DIAGNOSTIC PROCEDURES In patients with known cancer the purpose of diagnostic examinations is to identify and locate brain metastases. In individuals not known to have a malignant disease and in whom neuroimaging suggests brain metastases, the aim is to rule out other brain diseases, and to determine the nature and the location of the primary tumor.

Patients with known cancer Magnetic resonance imaging (MRI) is the best technique for detecting brain metastases, although there are no pathognomonic MRI features. MRI is superior to computed tomography (CT), even with double-dose delayed contrast, in visualizing small metastases and posterior fossa lesions (Schellinger et al., 1999). MRI has indeed a higher resolution, superior tissue contrast, and no bone artifacts. Furthermore, its versatile and multiplanar capabilities are useful in differential diagnosis and in planning surgery or stereotactic radiosurgery. Standard MRI includes T1WI (T1-weighted imaging) with and without contrast agent, T2WI (T2-weighted imaging), and FLAIR (fluid-attenuated inversion recovery) sequences. Most brain metastases generate low or intermediate intensity signal on T1WI. An increased intensity may correspond to a recent hemorrhage or to melanin deposit. Peritumoral edema appears as an area of decreased intensity. Brain metastases that reach a certain volume are enhanced after injection of paramagnetic contrast agent. Most brain metastases are spherical and sharply delineated.
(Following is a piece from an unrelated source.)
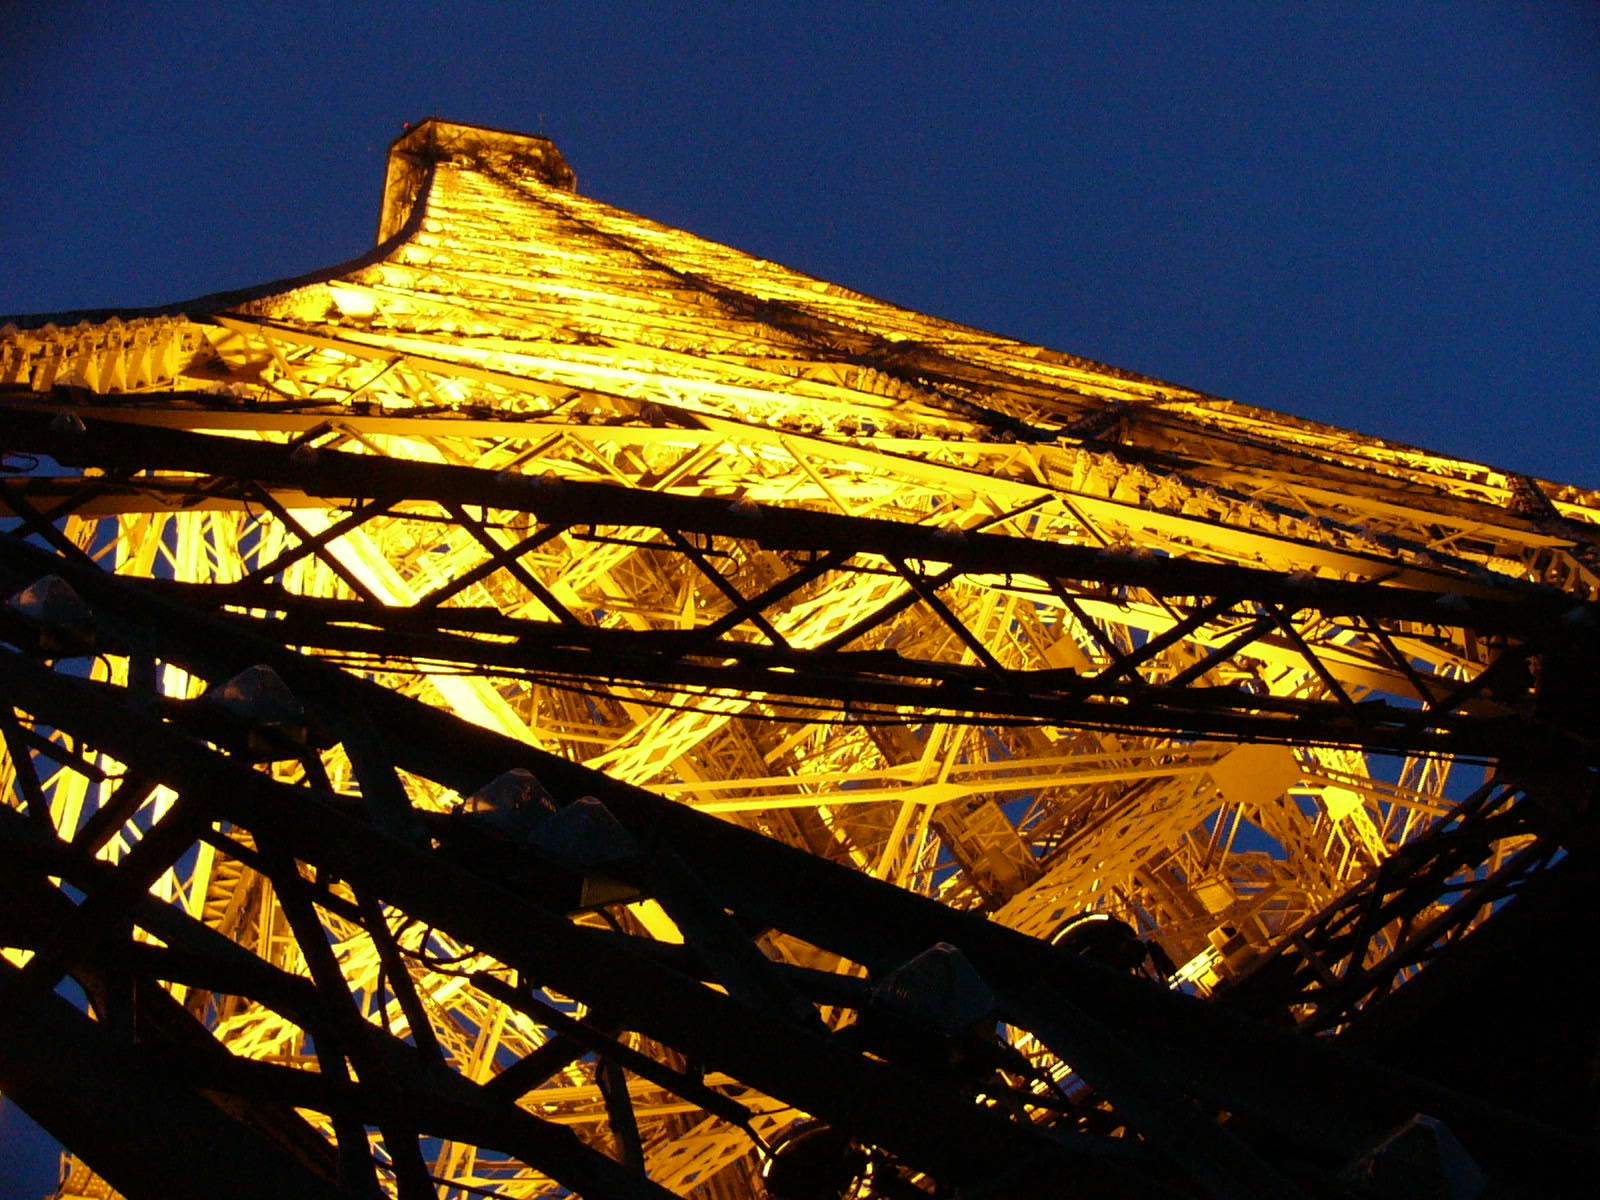 p1060528.jpg - Eiffel Tower
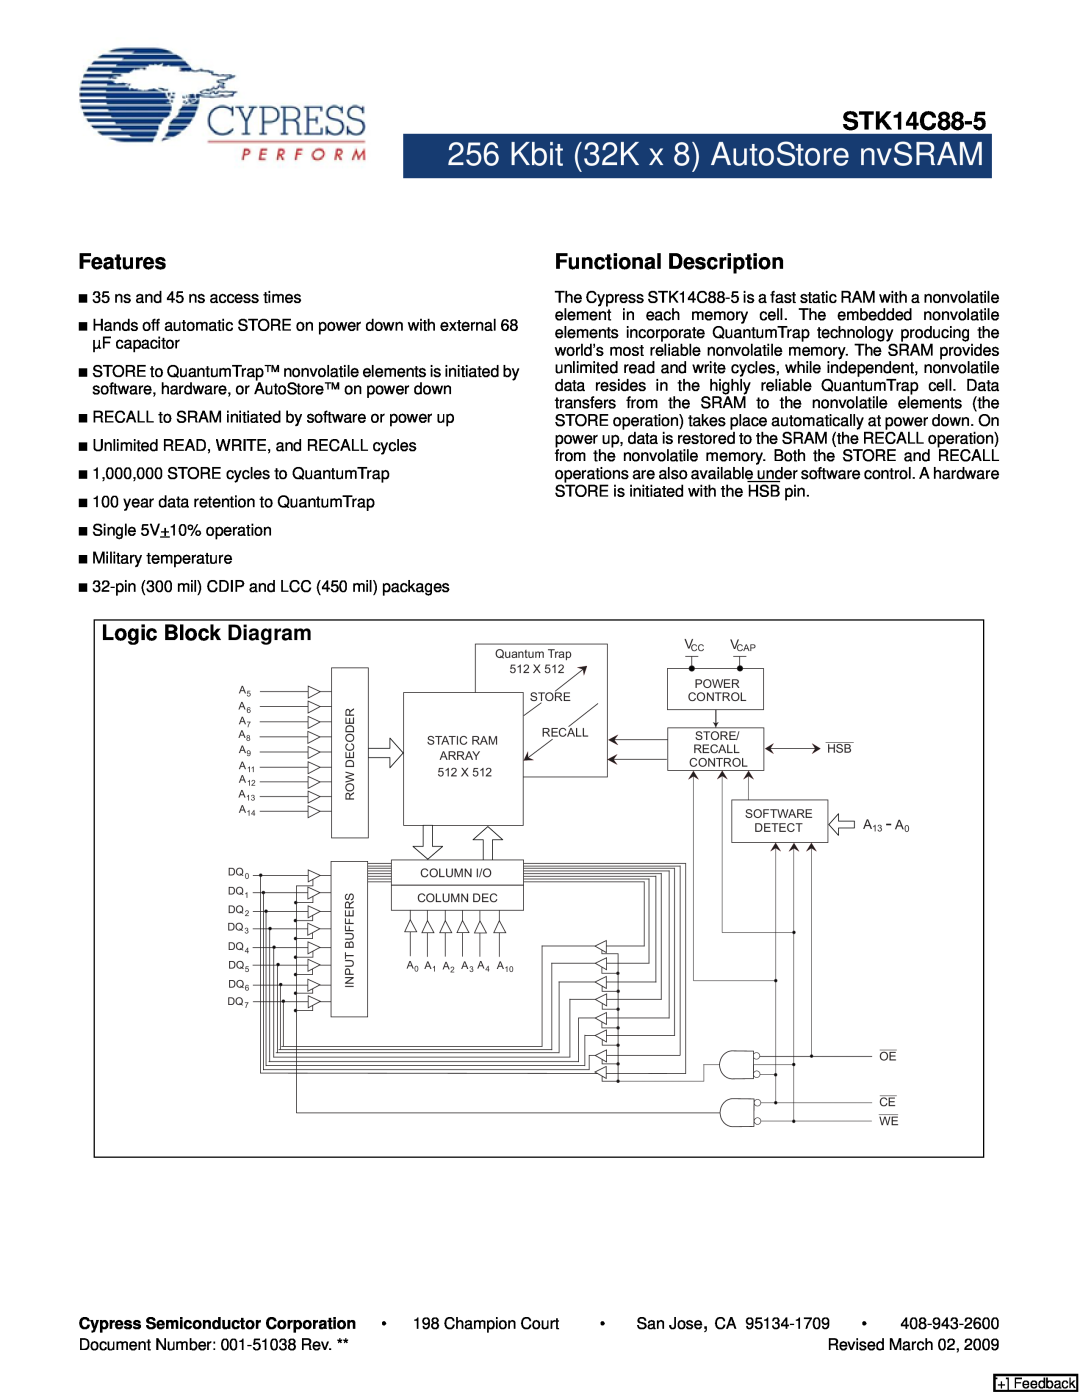 Cypress STK14C88-5 manual Features, Functional Description, Kbit 32K x 8 AutoStore nvSRAM, Logic Block Diagram

They may show peripheral ring enhancement with a nonenhancing core corresponding to central necrosis (Fig. 77.1). The enhancement is more conspicuous with magnetization transfer suppression (Knauth et al., 1996) and triple contrast dose (Sze et al., 1998), which may reveal very small lesions but also lead to false-positive findings. Conversely, treatment of the primary tumor with antiangiogenic agents may decrease

BRAIN METASTASES contrast enhancement of metastatic brain lesions (Karimi et al., 2009). T2WI and FLAIR sequences usually demonstrate an area of increased intensity encompassing both the tumor and the surrounding edema. The extent of edema is better appreciated on T2WI and FLAIR than on T1WI. Diffusion-weighted MRI (DW-MRI) is especially useful in the differential diagnosis of ring-enhancing cerebral lesions. It shows high-intensity signal in abscesses (restricted diffusion, low signal on apparent coefficient diffusion (ADC) map), compared to low-intensity signal (unrestricted diffusion, high signal on ADC map) in cystic or necrotic tumors (Fig. 77.2). Solid brain metastases can appear as hyperintense lesions (restricted diffusion) depending on their cellularity, in which case DW-MRI is unable to differentiate metastatic lesions from acute or subacute ischemic stroke (Geijer and Holtas, 2002).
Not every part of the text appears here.